• [What to work on]: Where an image appears in the data, omit it and reproduce the rest exactly.

Source data Block Start

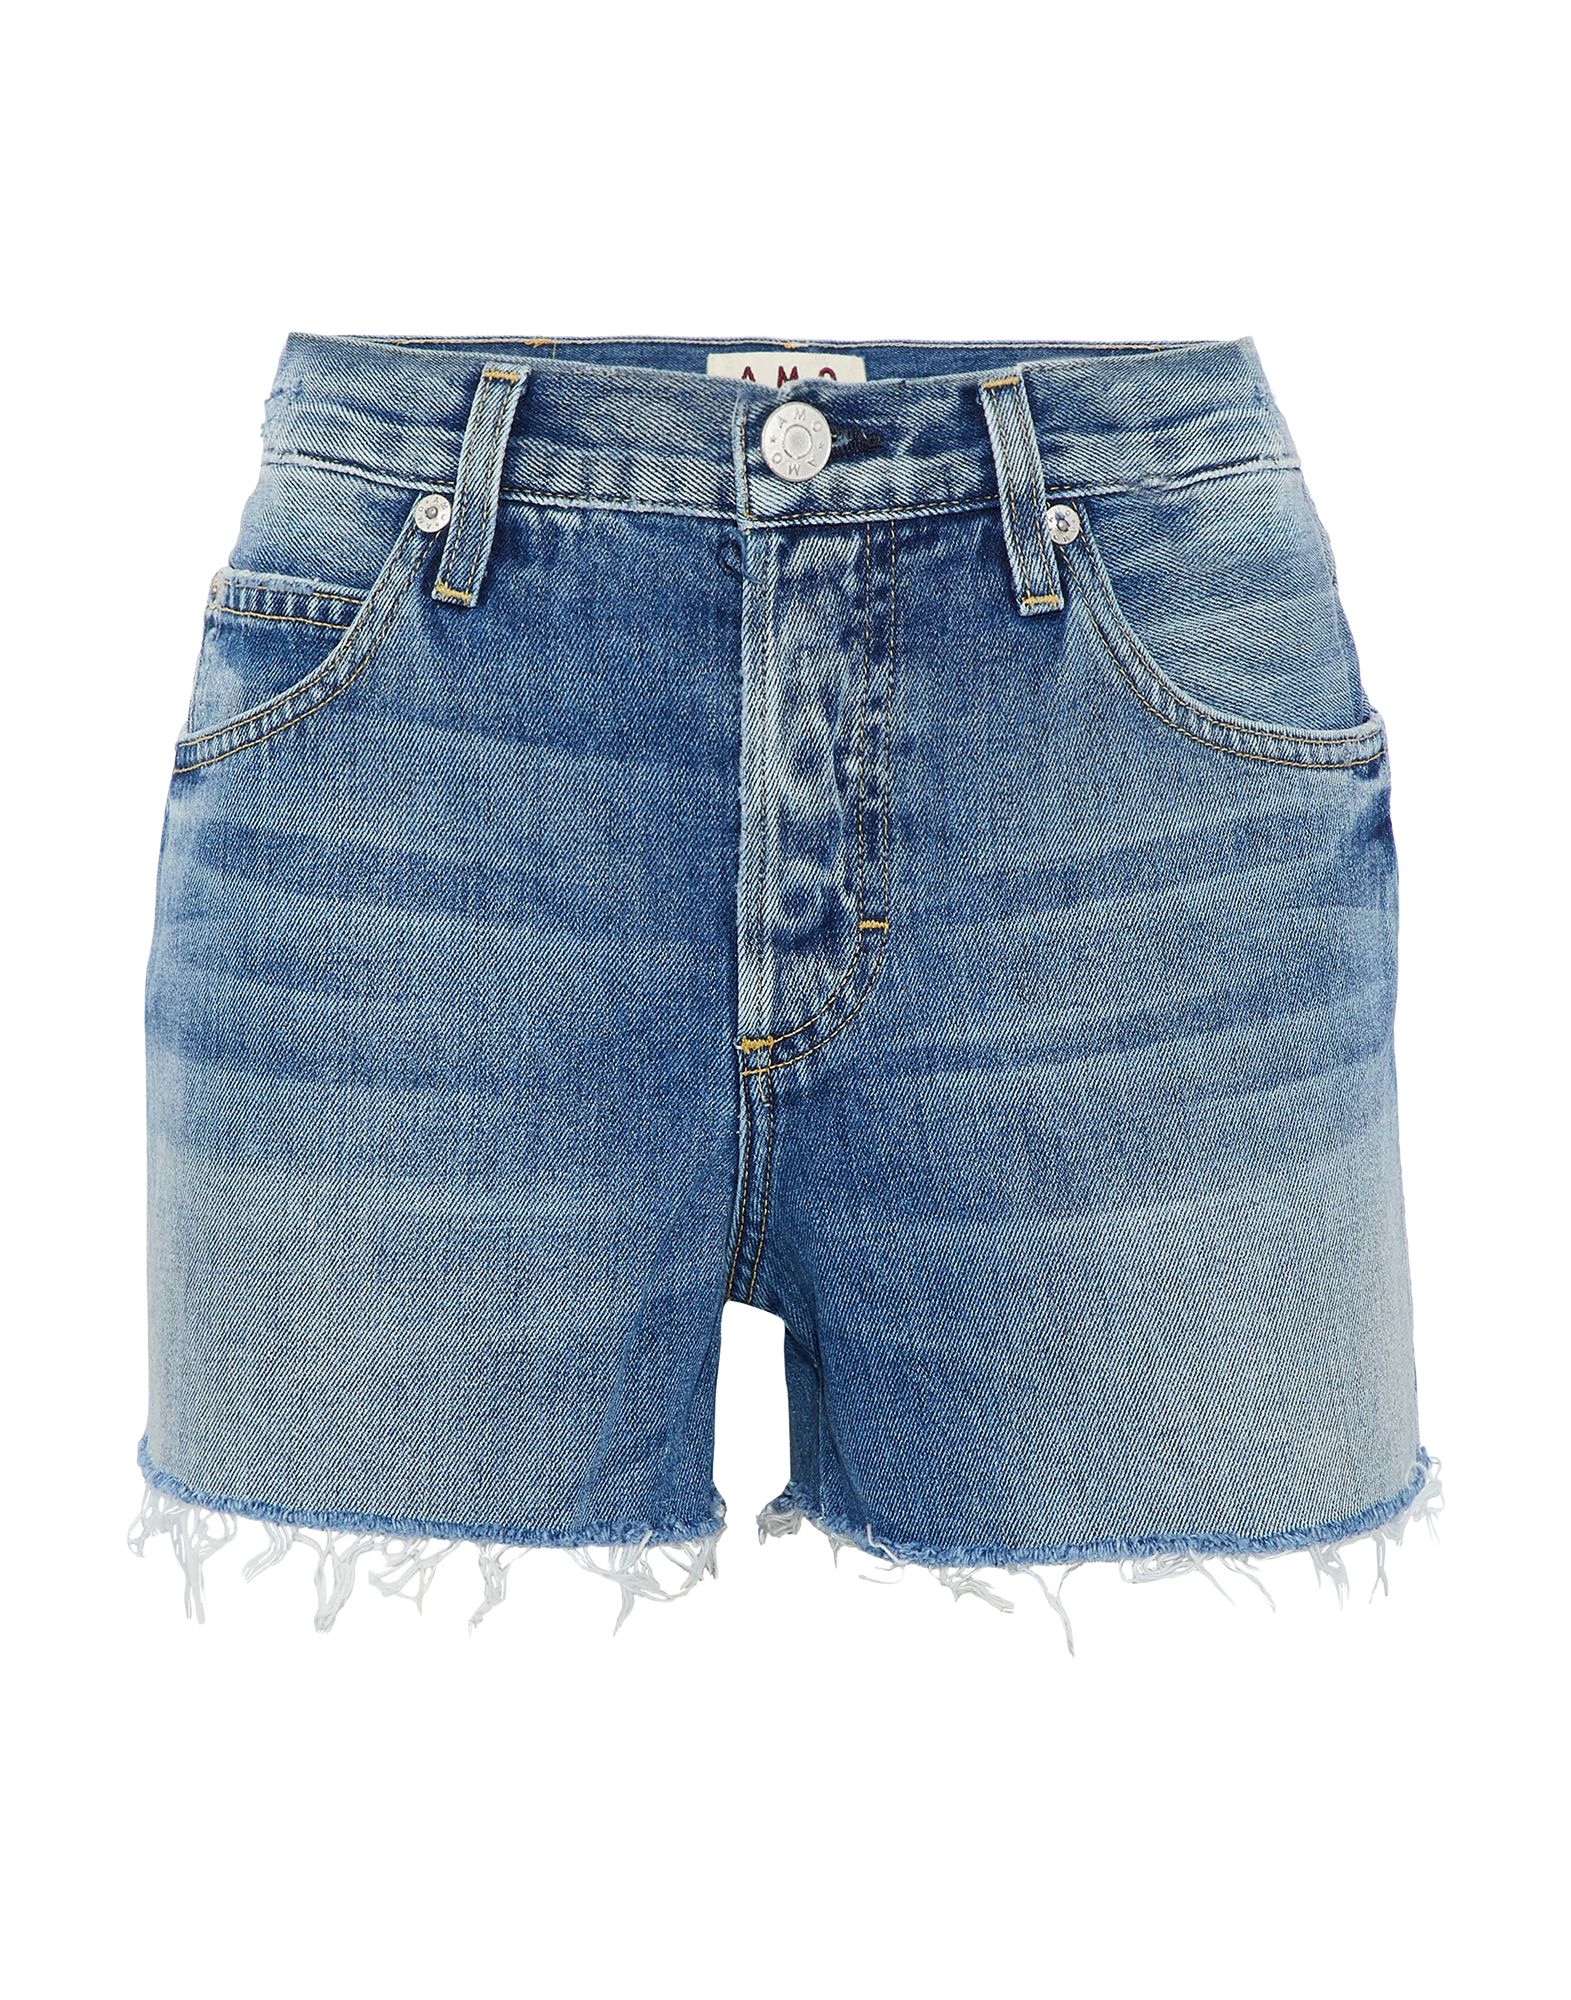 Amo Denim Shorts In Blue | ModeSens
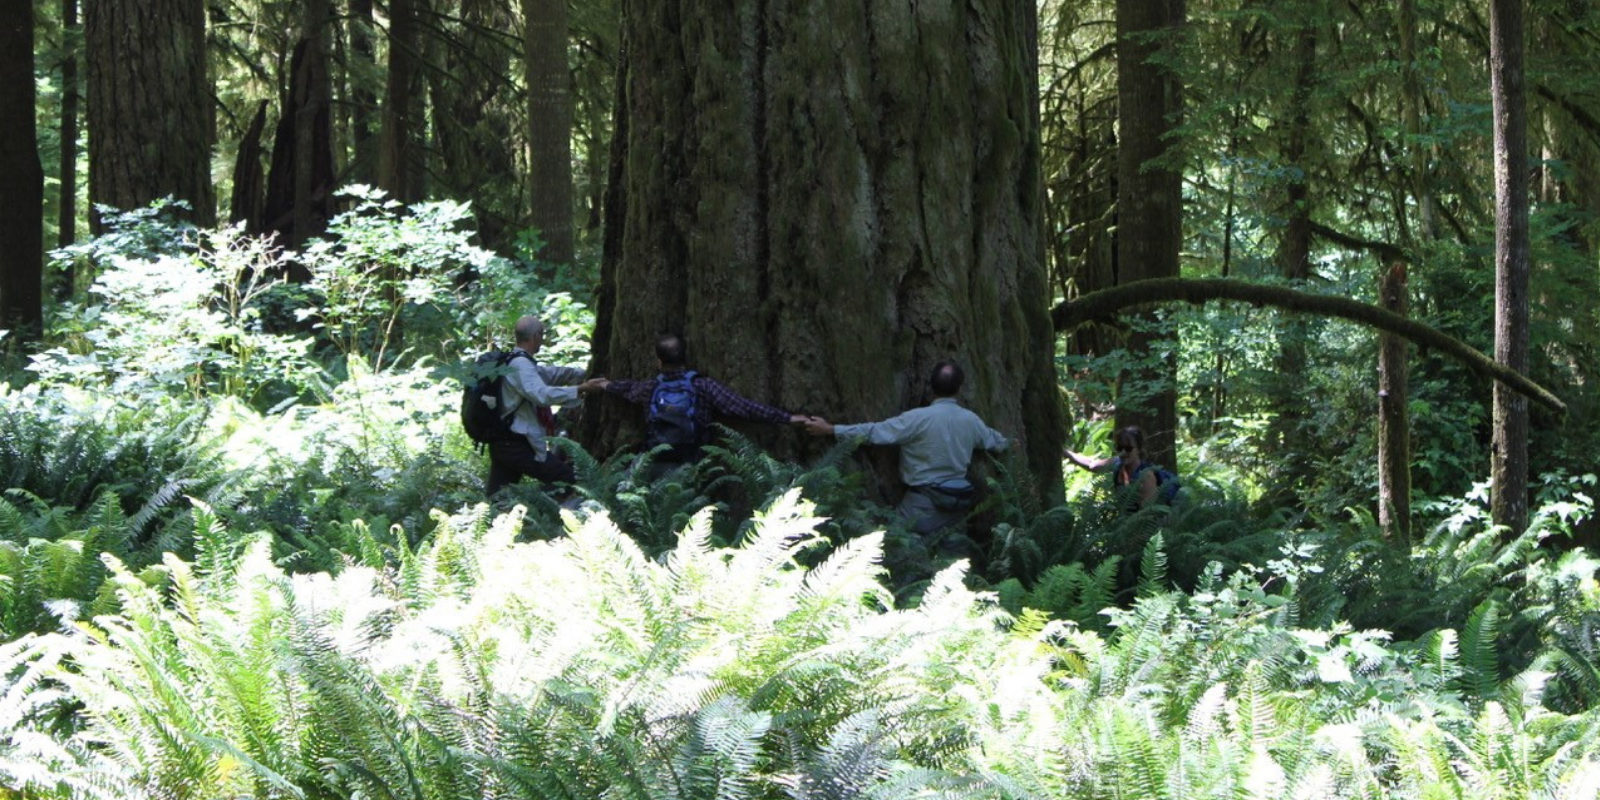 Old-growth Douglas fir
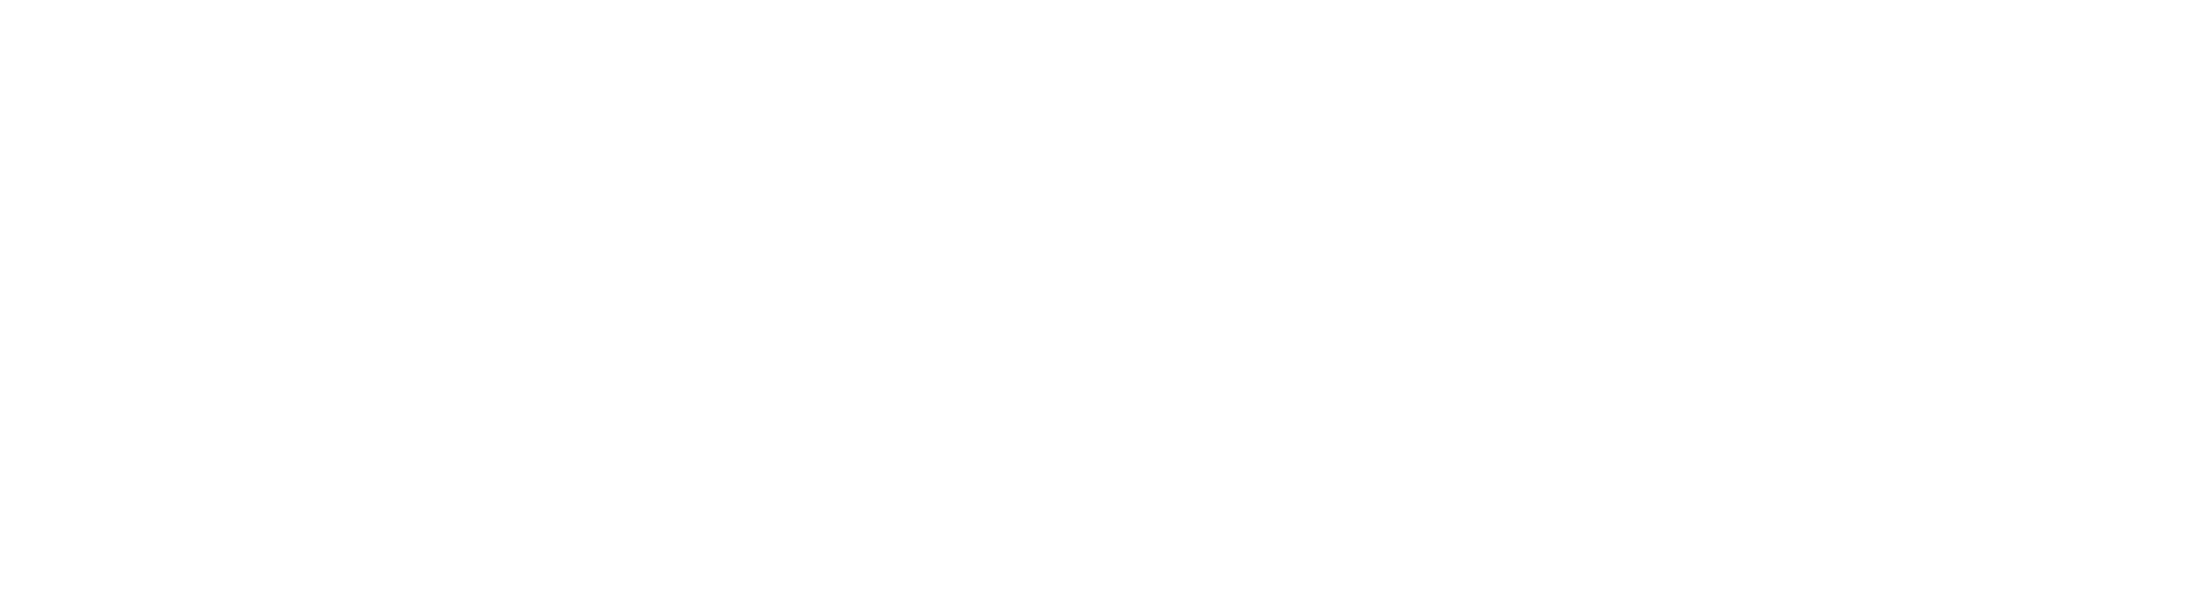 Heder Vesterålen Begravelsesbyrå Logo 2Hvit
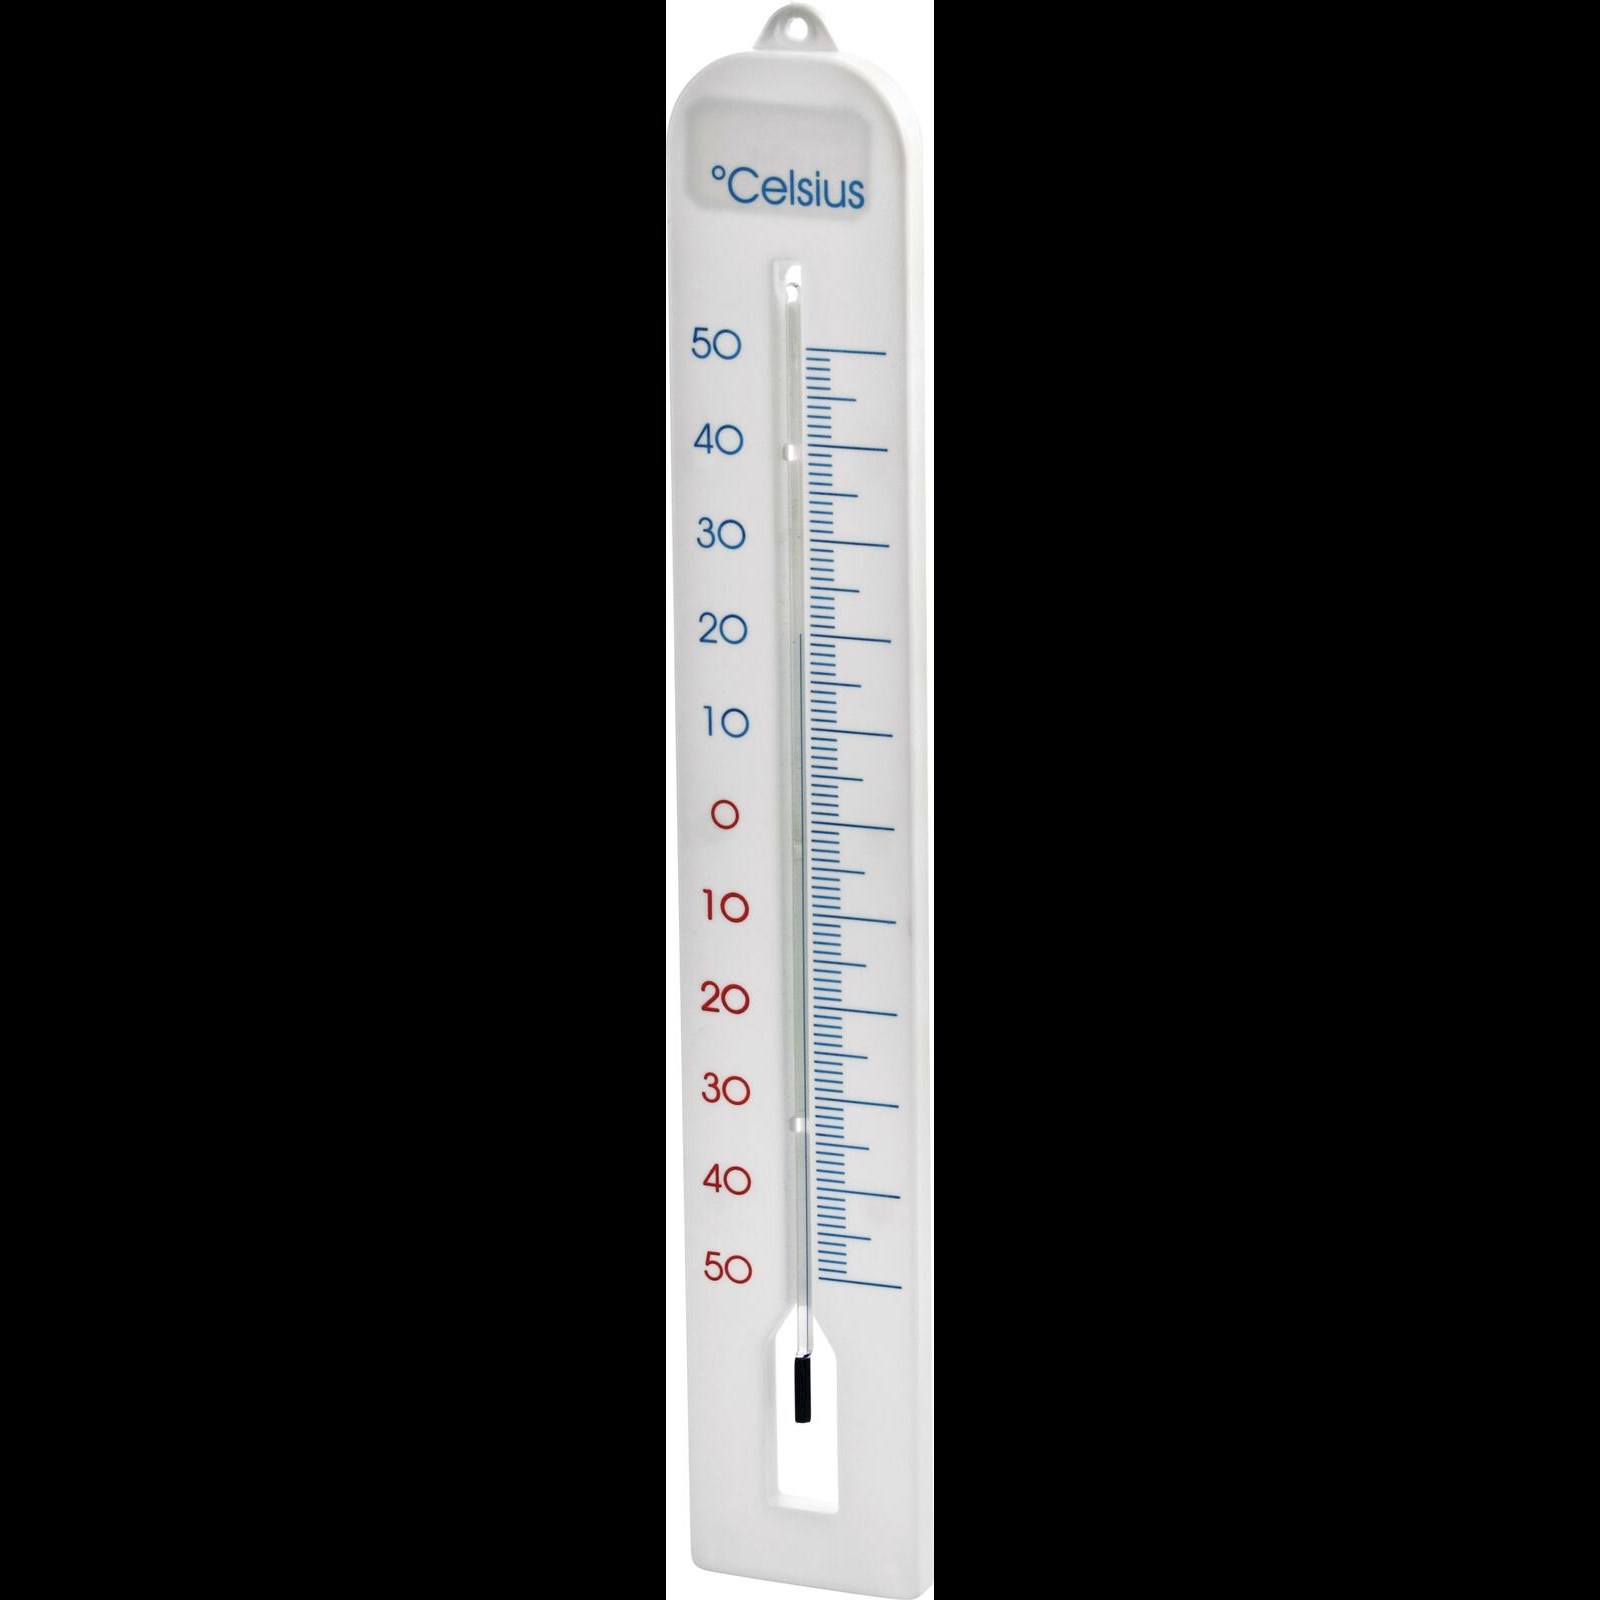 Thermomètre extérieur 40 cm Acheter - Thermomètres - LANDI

Source data Block End

• [Answer to this exercise]:
 Amo Denim Shorts In Blue | ModeSens
 Old-growth Douglas fir
 Heder Vesterålen Begravelsesbyrå Logo 2Hvit
 Thermomètre extérieur 40 cm Acheter - Thermomètres - LANDI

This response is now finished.